I have a use case that may not be uncommon.
I read messages from RabbitMQ with Broadway. In handle_message I take messages and process them.
My problem occurs when due to a bug in the code or invalid data the message can not be processed successfully and crashes. Broadway marks the messages as failed. RabbitMQ sends it again and again in an infinite loop making the CPU go to 100% and flooding our bug tracker with messages.
How can I have at least a timeout in the Broadway pipeline until it tries to take another set of messages? I was thinking some exponential retry. I found resubscribe_interval but this is related to producer crashing not consumers.

My solution by now is to put a :timer.sleep() in a rescue clause but I wonder if there is a better way:

defmodule OutcomesConsumer do
  use Broadway

  alias Broadway.Message

  def start_link do
    Broadway.start_link(__MODULE__,
      name: __MODULE__,
      producer: [
        module:
          {BroadwayRabbitMQ.Producer,
           queue: RabbitMQUtils.outcomes_queue(),
           qos: [
             prefetch_count: 6
           ],
           connection: rabbitmq_url()},
        concurrency: 1
      ],
      processors: [
        default: [
          min_demand: 1,
          max_demand: 6,
          concurrency: 2
        ]
      ]
    )
  end

  def handle_message(_, %Message{data: string_data} = message, _) do
    data = Jason.decode!(string_data)
    # process data in another module
    message
  rescue
    e ->
      Logger.error("Error reading outcome from RabbitMQ: #{inspect(e)} ")
      Bugsnag.report(...)

      :timer.sleep(4_000)

      reraise e, __STACKTRACE__
  end
end

gregvaughn · April 16, 2020, 8:38pm

I will possibly be tackling this problem soon. We use SQS as our source, but the ideas are similar. I also solved this in Java in an earlier lifetime. My plan is to set up an extra dead-letter queue (or I might use an S3 bucket, but the concept is similar). The handle_failure callback of Broadway would need to write the failed message to that dead-letter queue and also ACK the original source.

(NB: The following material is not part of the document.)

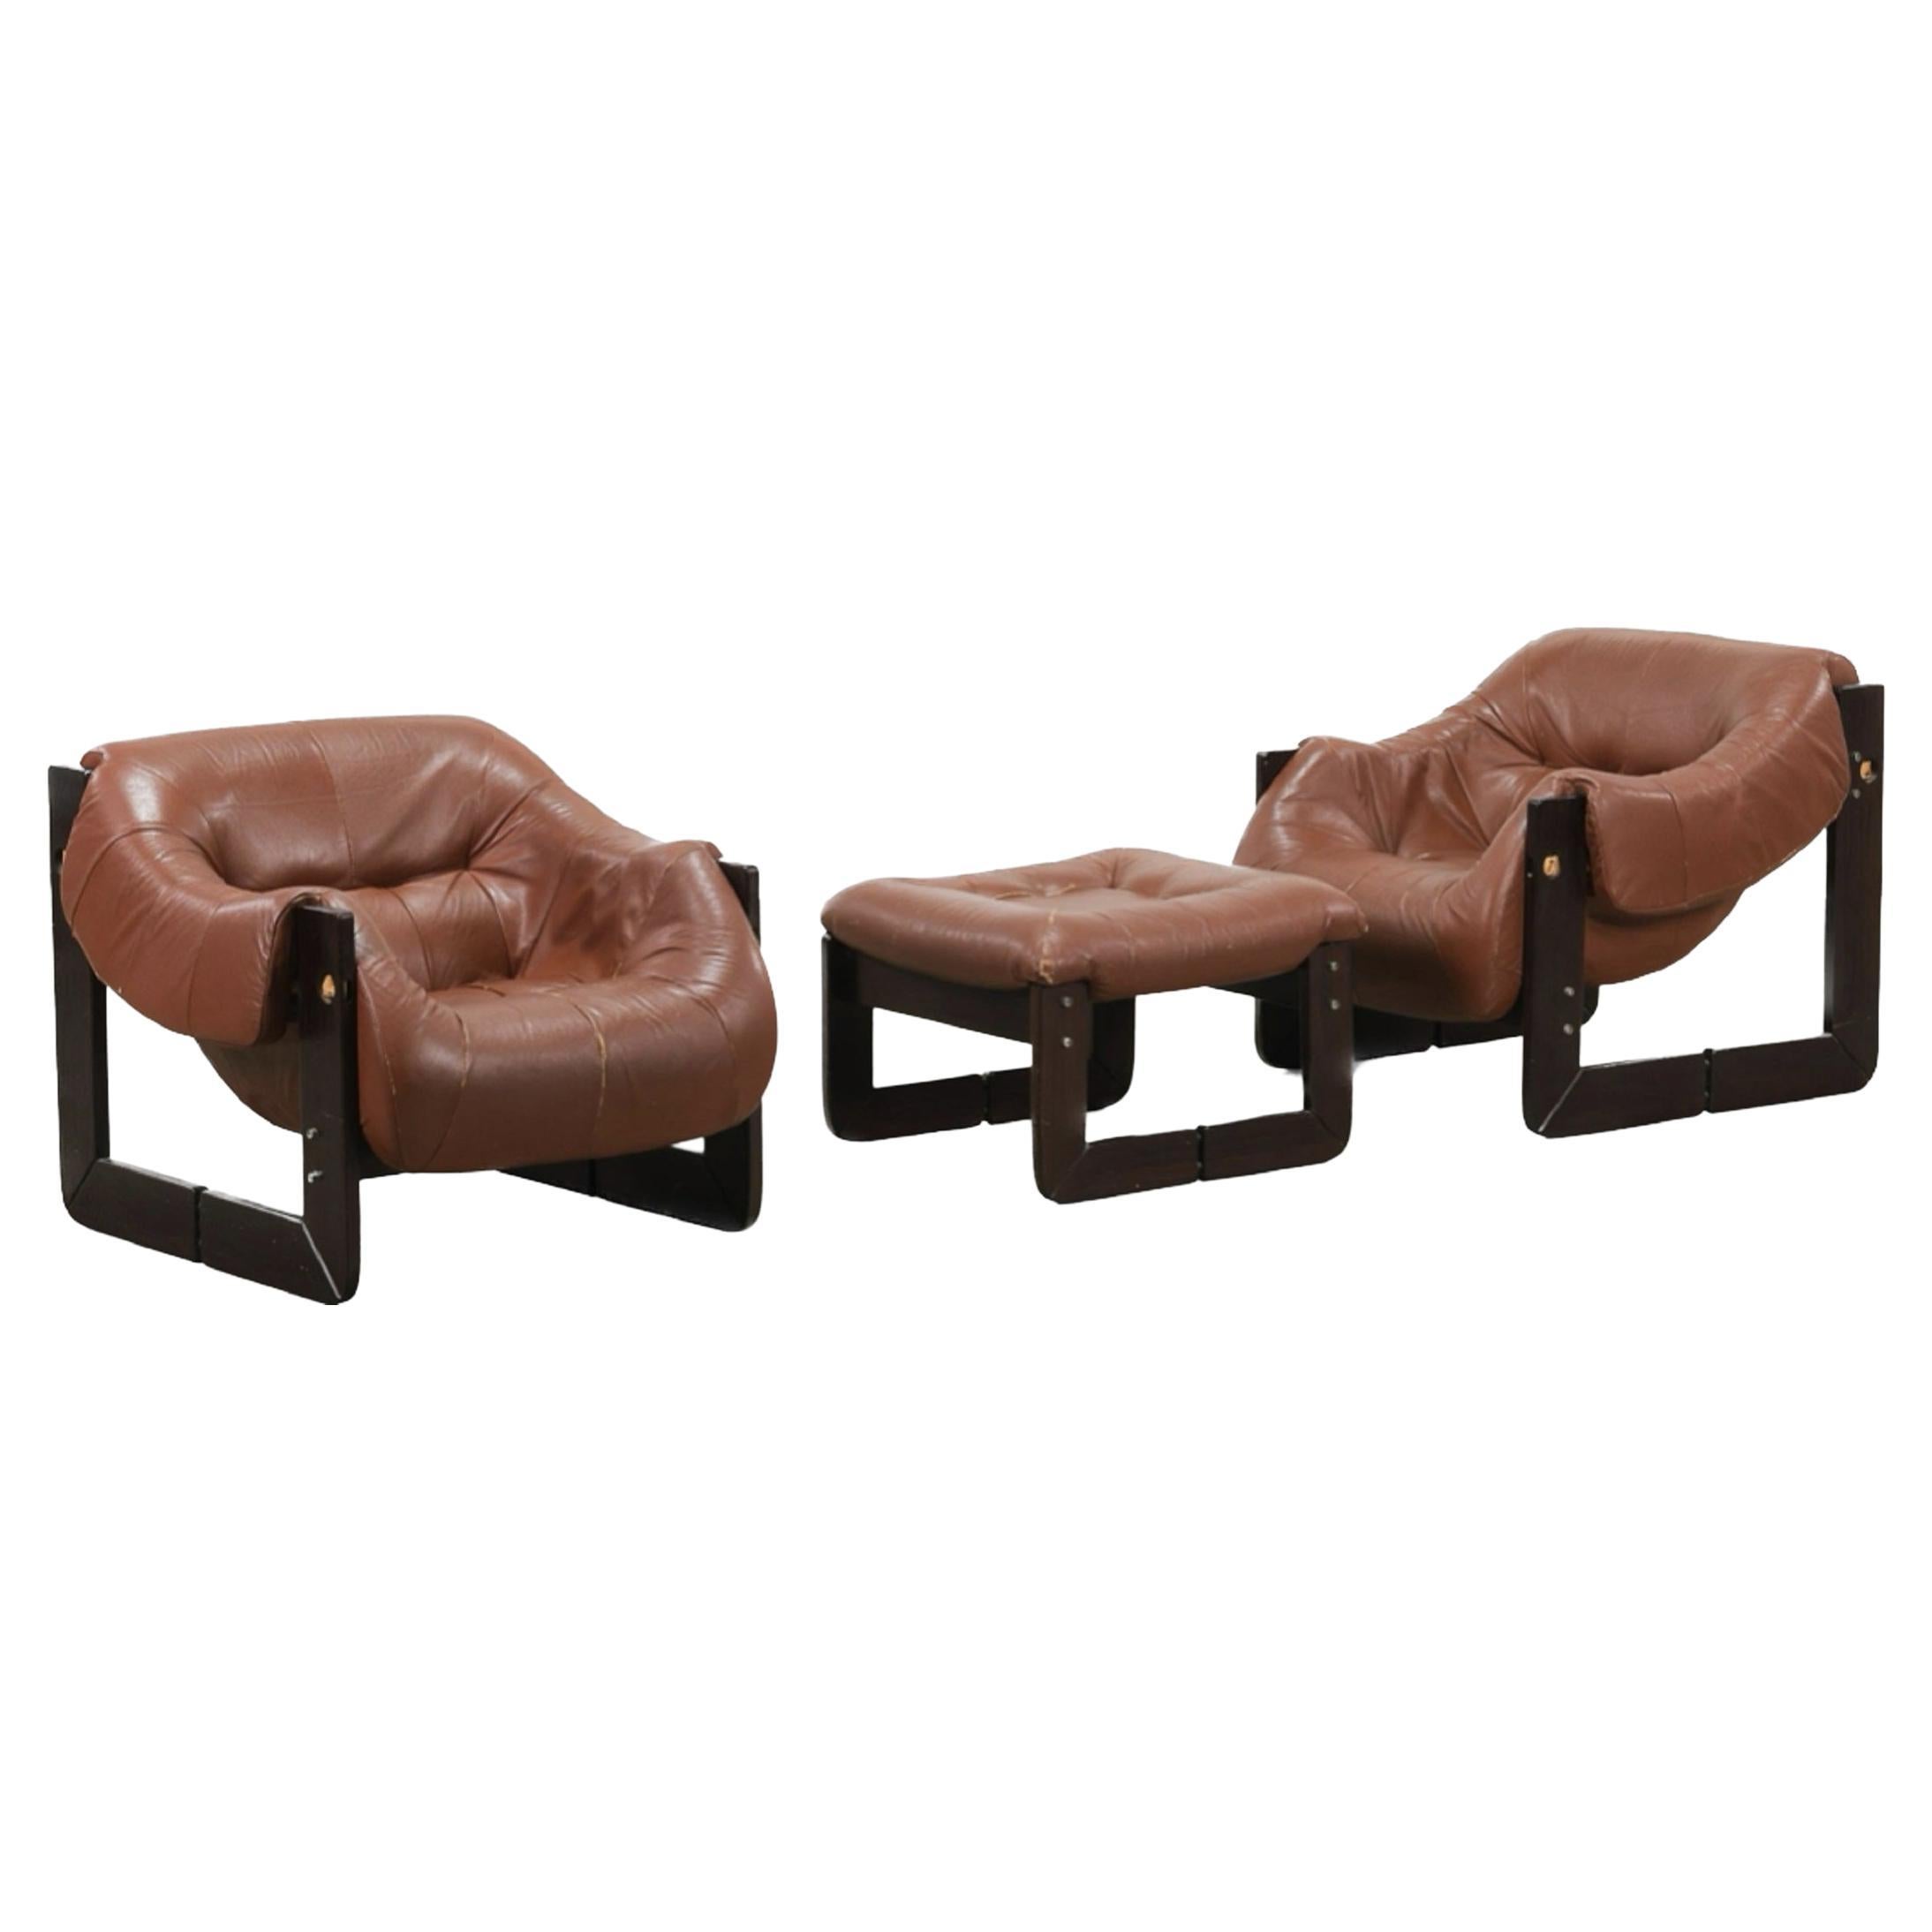 Percival Lafer, MP-97 Lounge Chairs, Brazilian Rosewood, Brown Leather, 1970s

You could then have some secondary producer that reads from the dead-letter queue at a more reasonable interval. Or it could be a manually initiated action to read from there and reprocess those failed messages.

silviurosu · April 17, 2020, 9:25am

This is one improvement indeed. But to move all messages from a queue to another without triggering the proper warnings is risky since nobody will know there is an issue.
I think if this becomes an occurring issues I will use this failed queue and consume then manually after the fix.

silviurosu · May 12, 2020, 10:06am

I am trying to tackle this and find an optimum solution. Feedback appreciated.

Presuming the queue is called messages my thoughts are:

Read from messages queue and process messages as fast as possible.
If processing fails use the handle_failed callback and move message to another queue failed_messages . Do not notify bugtracker yet in here since we have too high through-output.

In another Broadway pipeline read messages from failed_messages queue and process them at a slower rate. If processing fails again notify bugtracker and fail the message in Rabbit. This will cause an endless loop but at least we can use a slow processing rate (1 per sec for example)

I would like also to implement a mechanism to rate limit bugtracker notifications for a queue. Something with exponential delay.

As utilities I plan to write a helper module that can be called from console to move the messages back in the main queue after the fix is deployed.

Thoughts?